First non-Microsoft C++ AMP Implementation Leaves Dock, Shows Glimpses of Future

Alex Voicu

September 2nd, 20140 0

One of the claims made upon initially announcing C++ AMP was that it would be a portable, extensible standard. Parsing the open specification makes it clear that the design is true to that goal, but we were short of an actual proof. In one fell swoop, the good folks at AMD, working in tandem with MulticoreWare, have removed this final concern by introducing an open source implementation of C++ AMP. It thus becomes possible to use C++ AMP in Windows, Linux or in OS X, exploiting a plethora of hardware platforms. Since we have discussed this project in the past, you can get a better understanding of it by perusing our older blog post.

The other (possibly more important) bit of news is that this is also the first case of a partner working to extend the standard before the core language specification is updated. This is a fortunate development, as the constraints under which the core language is grown – maximizing coverage by way of remaining close to the lowest common denominator – can sometime delay alignment with the state of the art. It is also a model that has been shown to yield benefits for core C++, where Boost is an excellent example of extensions that give insight into the future evolution of the standard. Let us quickly a peek at the additions:

Shared Virtual Memory (SVM) – makes it possible to straightforwardly share data-structures between host and accelerator, by e.g. directly capturing them in a restrict(amp) lambda, as opposed to funnelling them through concurrency::array or concurrency::array_view;
C++11 atomics and memory ordering – when coupled with SVM it opens the door for constructing efficient synchronization primitives that work across host and accelerator (or for the brave to write lock-free code);
Dynamic memory allocation and de-allocation (AKA operator new & operator delete) in restrict(amp) functions.

You will note that all of the above are great productivity enhancers, which help smooth out certain wrinkles and bring us closer to being “just C++” with no restrictions. When mature, they will make it easier for newcomers to heterogeneous computing to dive right in, without having to figure out how to map their pre-existing data structures into array friendly forms.
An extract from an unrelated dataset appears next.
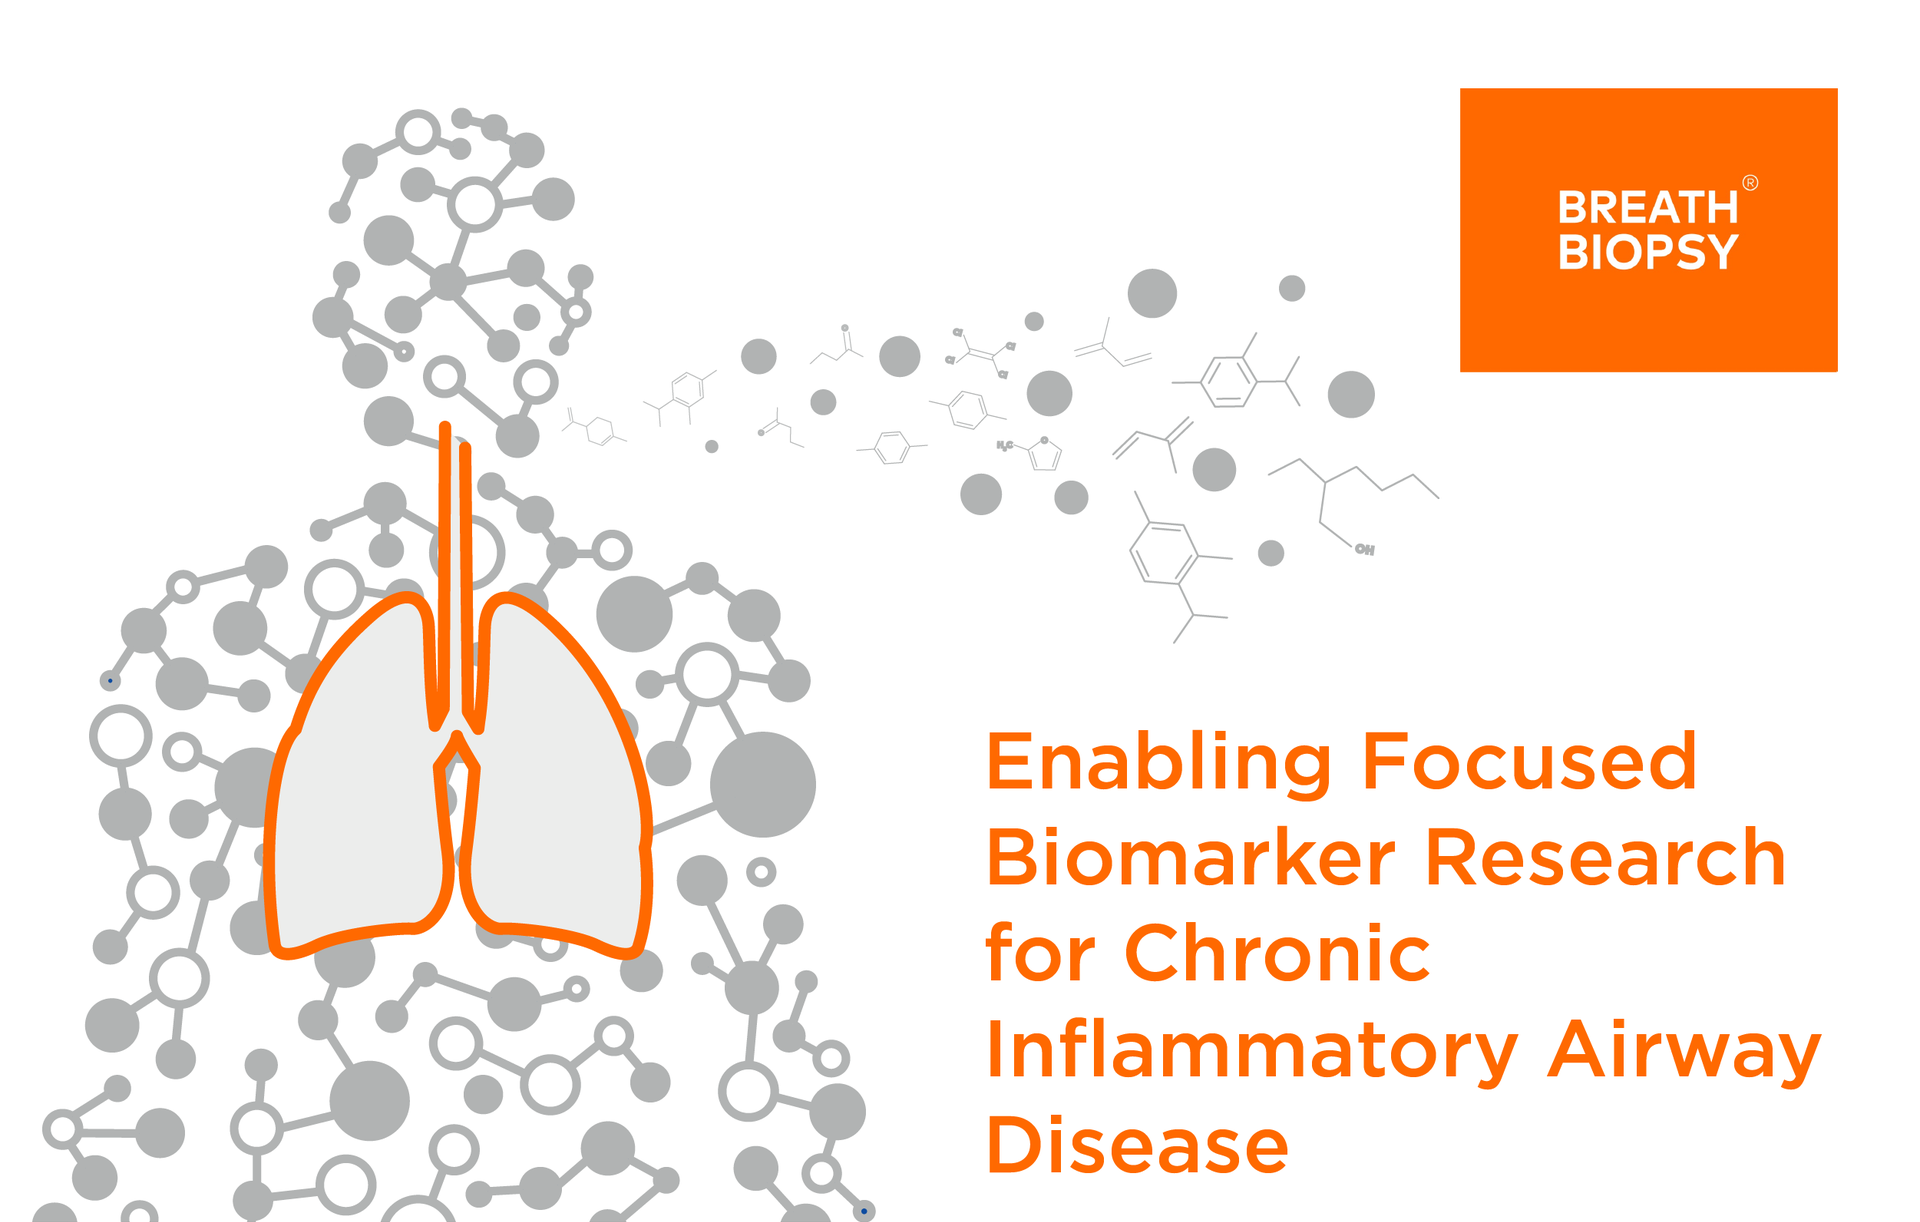 Enabling Focused Biomarker Research for Chronic Inflammatory Airway Disease - Owlstone Medical - the home of Breath Biopsy®
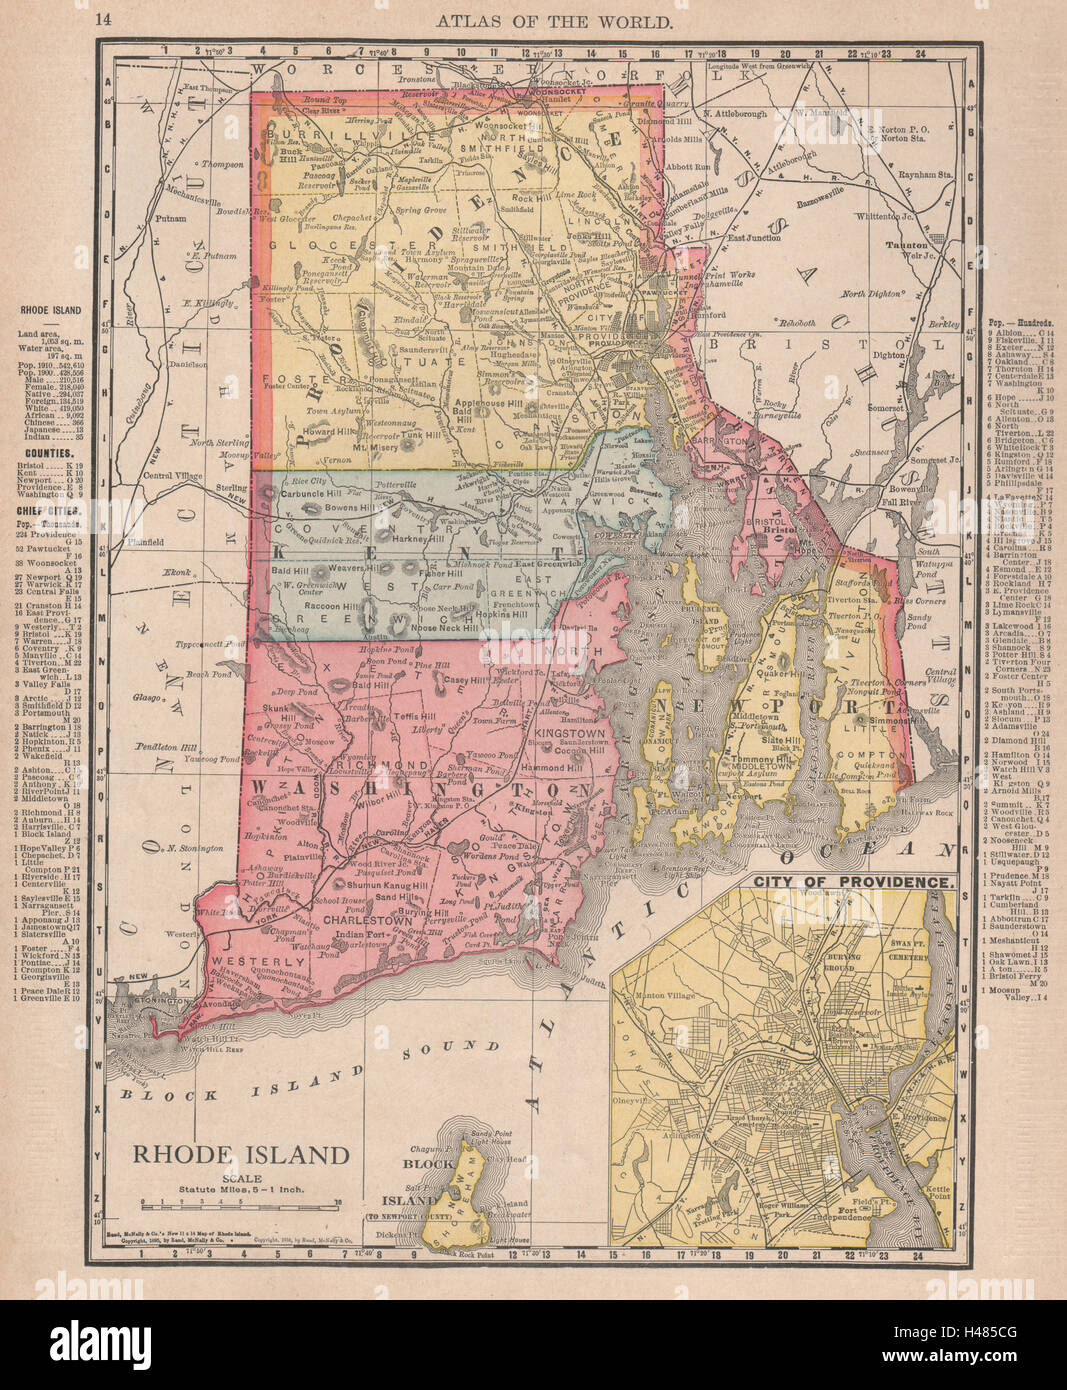 Rhode Island state map showing counties. Providence inset. RAND MCNALLY 1912 Stock Photo

The following reasonable question is likely to arise: when are we going to see the core language specification updated to include these extensions? As much as we like to be on the bleeding edge at all times, in this regard our hands are tied until vendor-agnostic ways of exposing e.g. SVM are introduced. AMD’s extensions are restricted to a subset of their hardware, namely processors from the Kaveri family, a luxury we cannot afford. In the interim, we remain fully committed to ensuring that Visual Studio yields the best C++ AMP development experience on the market, and encourage you to play with the extensions offered by AMD to get an early preview of where the standard should eventually go. Your feedback will prove invaluable in shaping our decisions going forward. Finally, please be aware that whatever is written against the core C++ AMP specification will seamlessly work across both Visual Studio and AMD’s extended implementation – targeting this baseline ensures maximum portability. The specific, non-portable bits, have to do with the AMD’s extensions, that we do not currently implement and, respectively, the DirectX specific elements that we provide. If you employ either of the two, you forfeit the other and have to use the supporting tool-chain.

In closing, we would like to extend our gratitude to our colleagues at AMD and MulticoreWare, for their excellent work.